The average length of TJ-CGIs was 1089 bp, which was much longer than the average length of CGCs-15 (605 bp), CGCs-20 (727 bp), and UCSC-CGIs (763 bp) (Table 1). Conversely, TJ-CGIs had weaker CpG island features. For example, they had a lower GC content (60.6%) and a lower CpG O/E ratio (0.717) than those of CGCs-15 (GC content = 68.7%, CpG O/E = 0.855), CGCs-20 (GC content = 70.3%, CpG O/E = 0.853), and UCSC-CGIs (GC content = 66.1%, CpG O/E = 0.862) (Table 1). In addition, we used box plot (with the values for maximum, minimum, median, 75% quantile, and 25% quantile) to display the distribution and features of CpG islands identified by each algorithm (Figure 1). Overall, the difference was largely due to the Hackenberg CpG cluster algorithm's tendency to identify short regions with strong CpG island features [8, 10]. This comparison indicated that features of CpG islands or clusters relied on their length—the longer they are, the weaker the features they would have.

Figure 1.

Figure 1

Distribution of features of CpG islands identified by different algorithms. (a) Length. (b) GC content (%). (c) CpG O/E.

CpG islands are often located in the 5′ end of genes; thus, they are considered to be gene markers [3, 32]. Our previous studies showed that the features of CpG islands are different in the promoter and other regions [13, 31]. Therefore, the features of promoter-associated CpG islands are more important than other genomic regions when evaluating the performance of differing CpG island/cluster algorithms. Among the 37,729 TJ-CGIs, we found 13,270 (35.0%) mapped to the promoter regions of 12,521 known genes and, on average, 1.05 TJ-CGIs per gene. Similarly, we found 14,419 (38.8%) of CGCs-15 mapped to 11,292 genes and, on average, 1.28 CGCs per gene, 12,115 (47.6%) of CGCs-20 mapped to 10,245 genes and, on average, 1.18 CGCs per gene, and 12,297 (44.5%) of UCSC-CGIs mapped to 11,744 genes and, on average, 1.05 UCSC-CGIs per gene (Table 1). We observed more CpG clusters than TJ-CGIs and UCSC-CGIs in the promoter regions of genes. One main reason for this finding is that multiple CpG clusters are more likely to be identified within the same promoter region than TJ and UCSC algorithms, and several CpG clusters are often embedded within one single CpG island [10, 11].

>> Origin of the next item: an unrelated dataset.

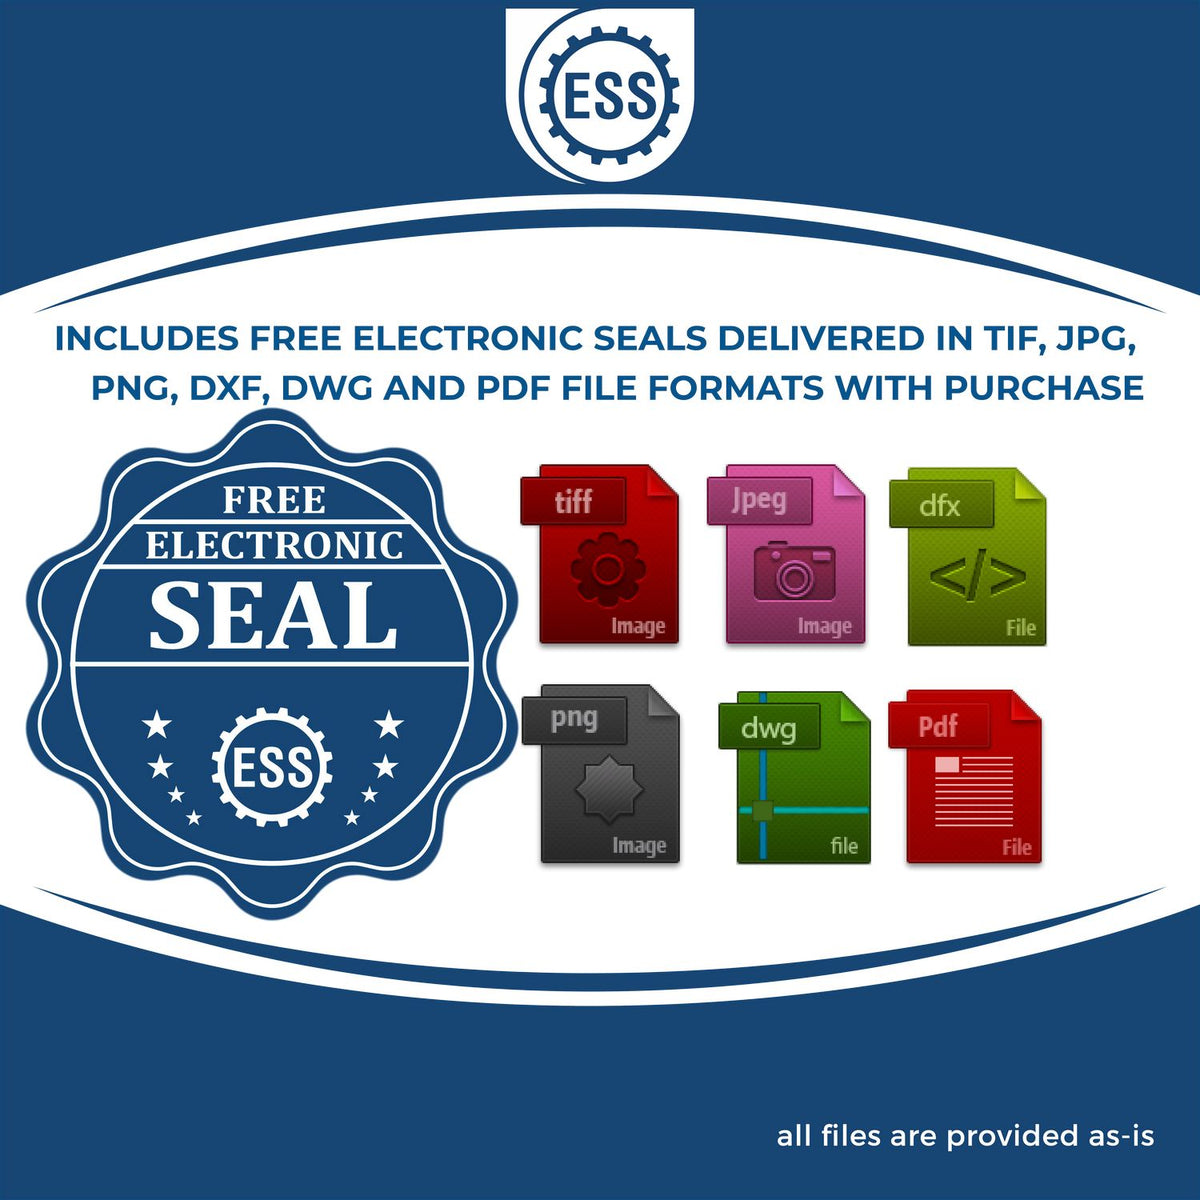 An infographic for the free electronic seal for the Wooden Handle Massachusetts State Seal Notary Public Stamp illustrating the different file type icons such as DXF, DWG, TIF, JPG and PNG.

While the total number of CpG islands or CpG clusters varied among the four algorithms (ranging from 25,454 CGCs-20 to 37,729 TG-CGIs, 1.48-fold difference, Table 1), the number of promoter-associated CpG islands identified by these algorithms was actually similar (ranging from 12,115 CGCs-20 to 14,419 CGCs-15, 1.19-fold difference), confirming that CpG islands are the most important features in the promoter regions. Notably, there would be approximately 5.3-fold difference between the number of TJ-CGIs and CpG clusters when the default parameters are used in these algorithms [10]. The proportion of promoter-associated CpG islands was also very similar, that is, in a range of 35.0% (TJ-CGIs) to 47.6% (CGCs-20), 1.36-fold difference (Table 1). Compared to the features of CpG islands at the whole genome level, the promoter-associated CpG islands showed stronger features, for example, increased length, higher GC content, and larger CpG O/E ratio (Figure 1). These observations are consistent with the previous studies [6, 31], but here, we focused on a specific group of CpG clusters identified by CpG cluster algorithms using stringent criteria that are comparable to a CpG island search.

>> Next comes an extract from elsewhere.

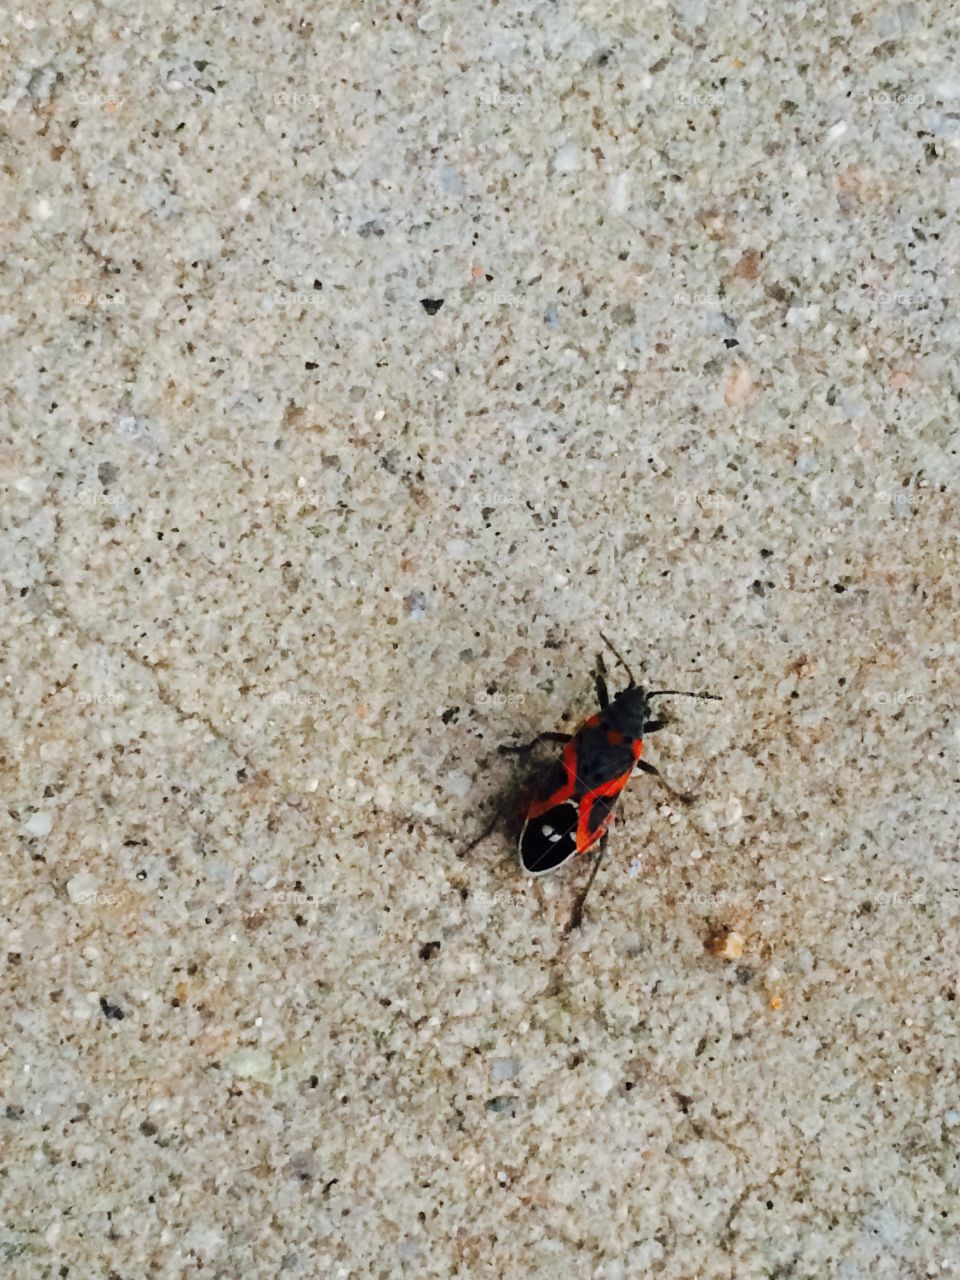 Black and red bug

3.2. Methylation Status of CpG Islands or Clusters

The methylation level varies within CpG islands [11]. Bock et al. [33] suggested that it should be sufficient to measure average methylation level rather than assaying every single CpG dinucleotide in a genomic region. Considering that suggestion, it would be interesting to evaluate methylation at the whole CpG island or cluster level using the highest resolution methylation data, that is, the base-resolution human methylome data, as previous studies largely relied on limited microarray-based low resolution methylation data or computational prediction [24]. Here, we applied methylation broadness, which we recently proposed and was described in Su et al. [26] to evaluate the methylation level in a CpG island or cluster. The methylation broadness is calculated as the proportion of methylated CpG sites over the total sites in a sequence (i.e., number of methylated CpG sites/total CpG sites) [26]. Since the methylation status is dynamic among different types of cells, we evaluated the methylation level in both the H1 and IMR90 cell lines in the human genome.

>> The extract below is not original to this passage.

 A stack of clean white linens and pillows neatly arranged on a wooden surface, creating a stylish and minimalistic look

At the genome level, our results showed that TJ-CGIs had a higher average methylation level (mC/C ratio = 0.403) than CGCs-15 (mC/C ratio = 0.266), CGCs-20 (mC/C ratio = 0.205), and UCSC-CGIs (mC/C ratio = 0.297) in the H1 cell line. Here, mC/C denotes the ratio of methylated over unmethylated nucleotides C at the CpG sites. A similar pattern could be observed in the IMR90 cell line, as shown in Figure 2.

Figure 2.

Figure 2

Methylation level of the CpG islands or clusters in the whole genomic regions or associated with the promoter regions. (a) Methylation data was based on human methylome from H1 cell line. (b) Methylation data was based on human methylome from IMR90 cell line.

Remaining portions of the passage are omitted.